In the U.S. Supreme Court criticisms and strictures on fellow judges are fairly common. One of the best was delivered in the dissent by Justice Paul Stevens in the case concerning the election of George W. Bush ( Bush vs Gore) in which the majority ruled in favour of Bush for palpably political reasons: “The per curium opinion by the majority of this court can only lend credence to the most cynical appraisal of the work of judges throughout the land. It is confidence in the men and women who administer the judicial system that is the true backbone of the rule of law. Time will one day heal the wound to that confidence that will be inflicted by today’s decision. One thing, however, is certain. Although we may never know with complete certainty the identity of the winner of this year’s presidential election, the identity of the loser is pellucidly clear. It is the nation’s confidence in the judge as an impartial guardian of the rule of law.”
Differences among judges are far more common than is realised. The Indian Supreme Court is no exception; acute differences dogged the court right from its years when Chief Justice Harilal Kania and Justice Meher Chand Mahajan clashed in open court in the very first major case of A.K. Gopalan vs Union of India, a case of preventive detention. Justice Y.V. Chandrachud and P.N. Bhagwati, both from the Bombay High Court, were poles apart.
The phlegmatic English are no different. David Pannick’s superb book Judges (Oxford University Press, 1987) contained this strange, if almost hilarious conflict from which this account is drawn. He describes a sensational public row between Justice McCardie and Lord Justice Scrutton in 1932 in a case ( Place vs Searle) concerning a claim by a husband against a man for enticing away his wife.
“In the Court of Appeal Lord Justice Scrutton described it as ‘a squalid and not a very interesting case’ which had somehow been elevated by the newspapers into a case which afforded good copy, apparently because some ingenious counsel had considered that there was some likeness between this case and the Trojan War. Anything less like the godlike Hector and Achilles and ‘the face that launched a thousand ships’, he found it difficult to conceive, but the case had apparently attained great notoriety.” The Court of Appeal allowed the appeal from the decision of Justice McCardie.
Lord Justice Scrutton observed that “Mr Justice McCardie had referred to judges with sociological knowledge. He [Lord Justice Scrutton] thought that the less sociological knowledge was brought into the discussion of these legal questions the better.

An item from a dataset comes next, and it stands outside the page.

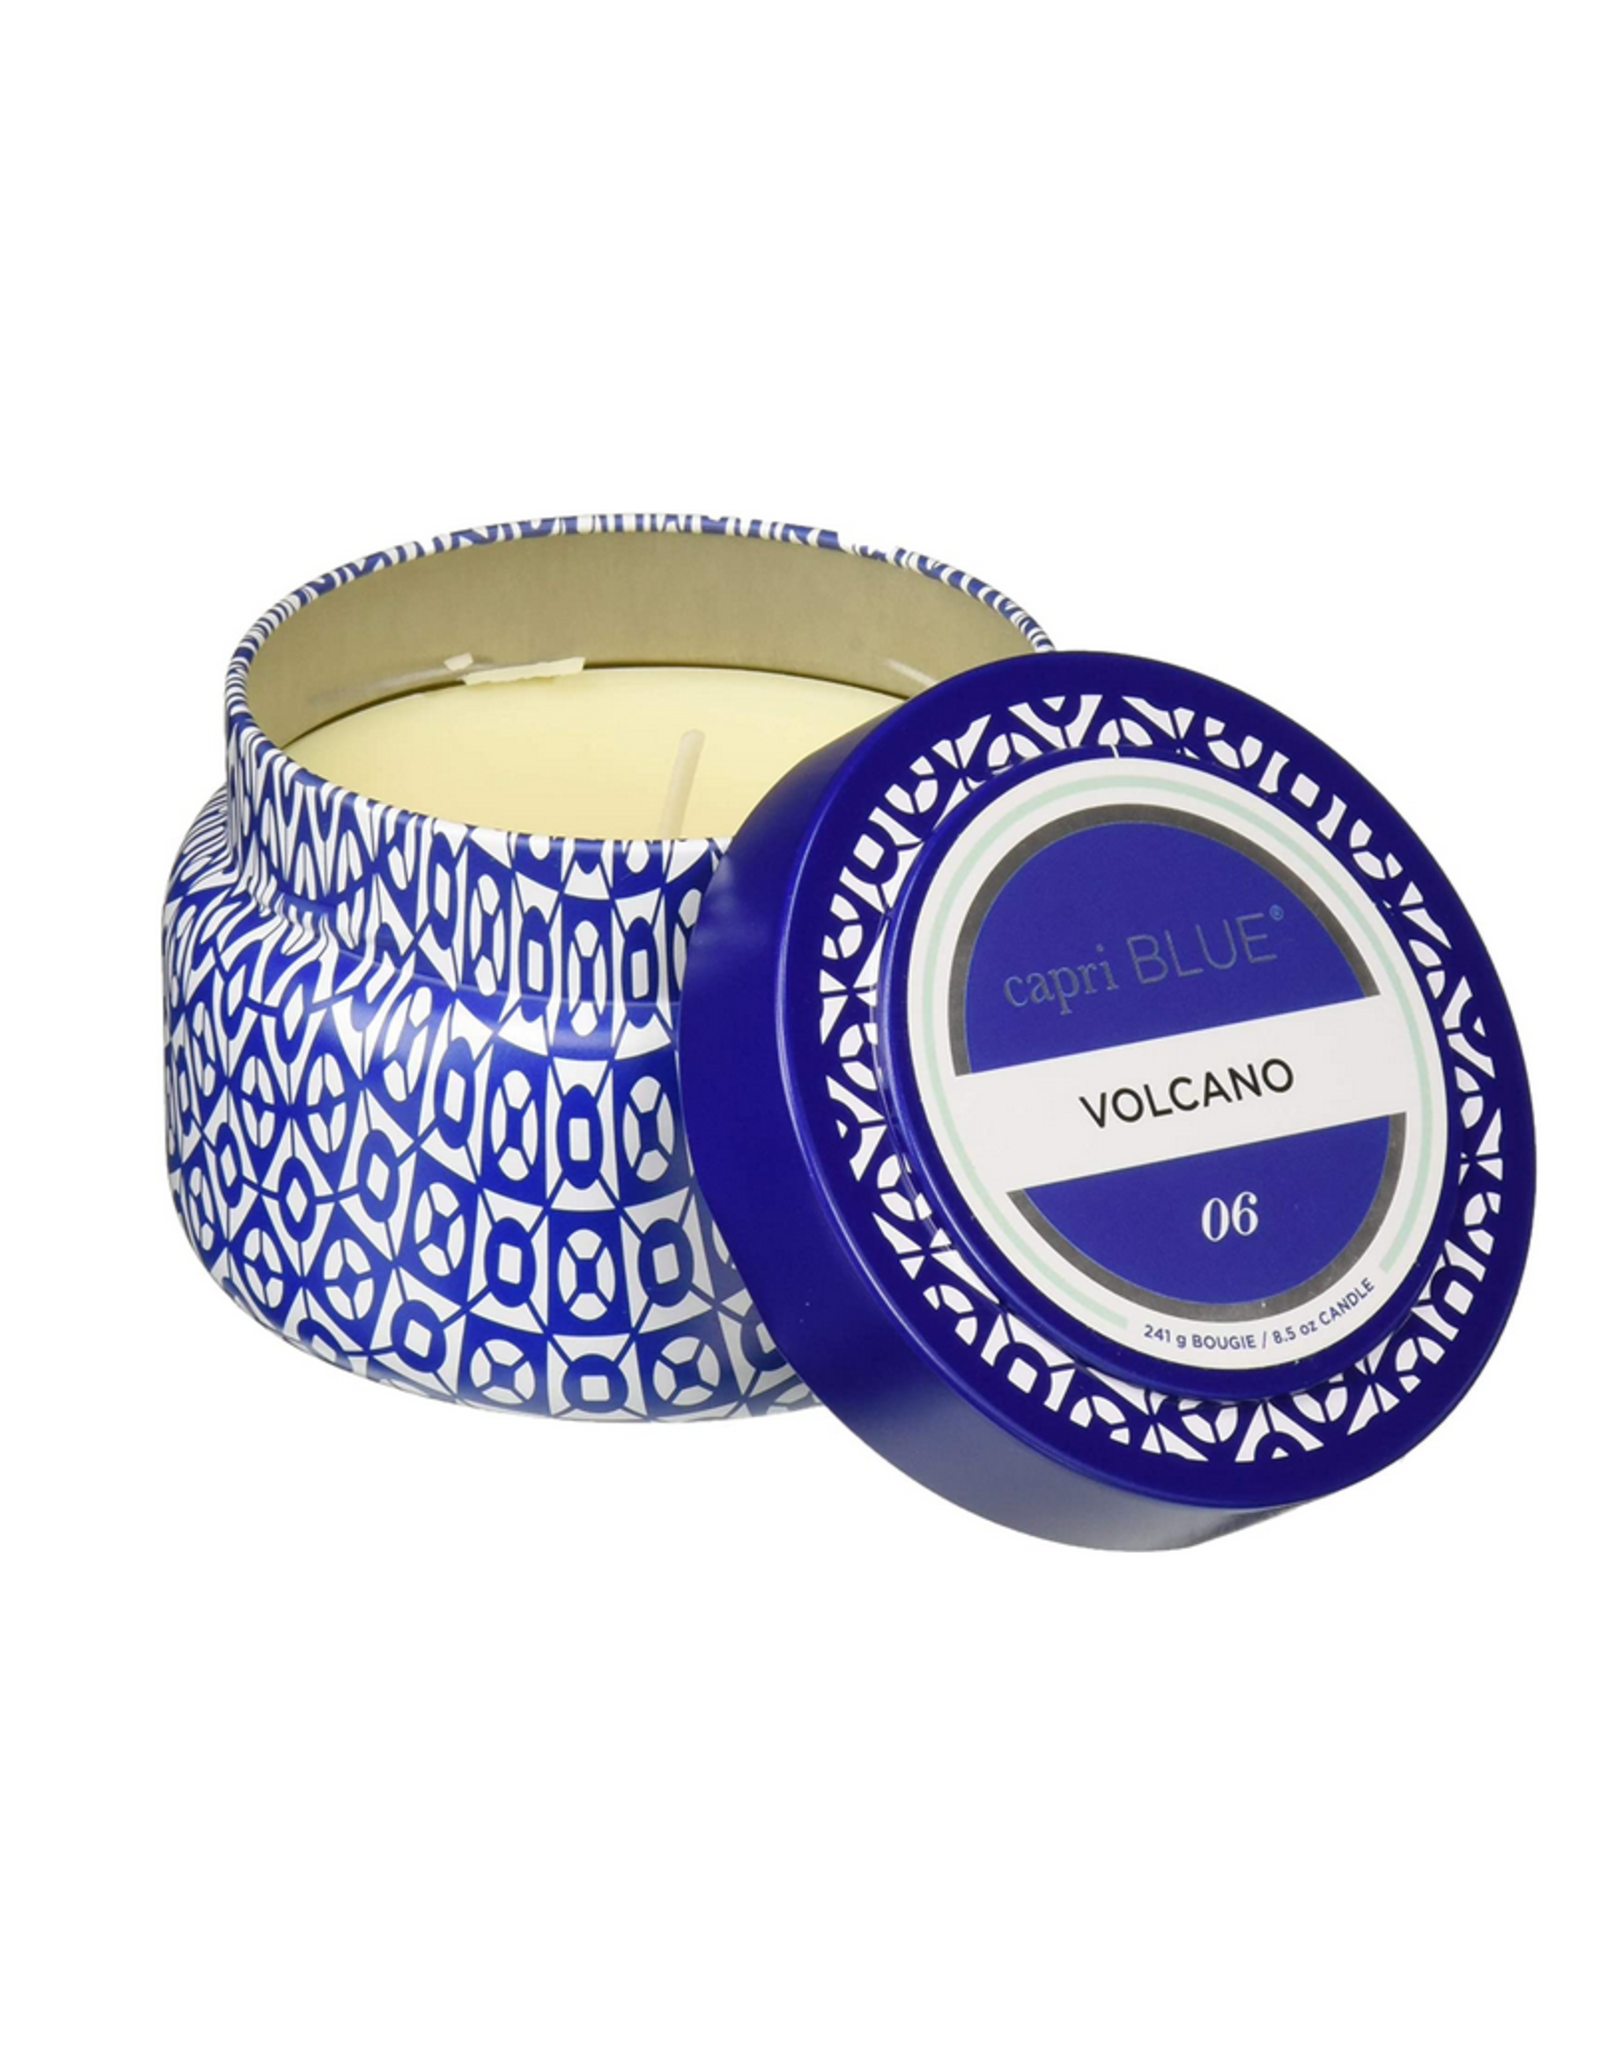 Capri Blue Volcano Blue Printed Travel Tin

“But what caused a break in diplomatic relations between the two men were the following sentences of the judgment of Lord Justice Scrutton (which were omitted from the published law report): ‘If there is to be a discussion of the relationship of husbands and wives, I think it would come better from judges who have more than theoretical knowledge of husbands and wives. I am a little surprised that a gentleman who has never been married should, as he has done in another case, proceed to explain the proper underclothing that ladies should wear.’ McCardie, a bachelor, was infuriated. He wrote to Lord Hanworth, the Master of the Rolls; requesting that no appeal from a decision of his should in future be heard by a Court of Appeal of which Scrutton was a member.
“McCardie then delivered in court what he described as a ‘public rebuke’ to Lord Justice Scrutton: ‘Before I start this case I wish to say a few words. I shall take my usual note of the evidence which will be given, and it may be that an appeal will take place. If there be an appeal, I shall not supply any copy of my notes until I am satisfied that Lord Justice Scrutton will not be a member of the Court which tries the appeal.’ After peace-making efforts by Lord Hanworth, McCardie eventually calmed down and announced that in ‘the interest of litigants’ he would supply a copy of his notes in accordance with the usual practice” (pages 22-23).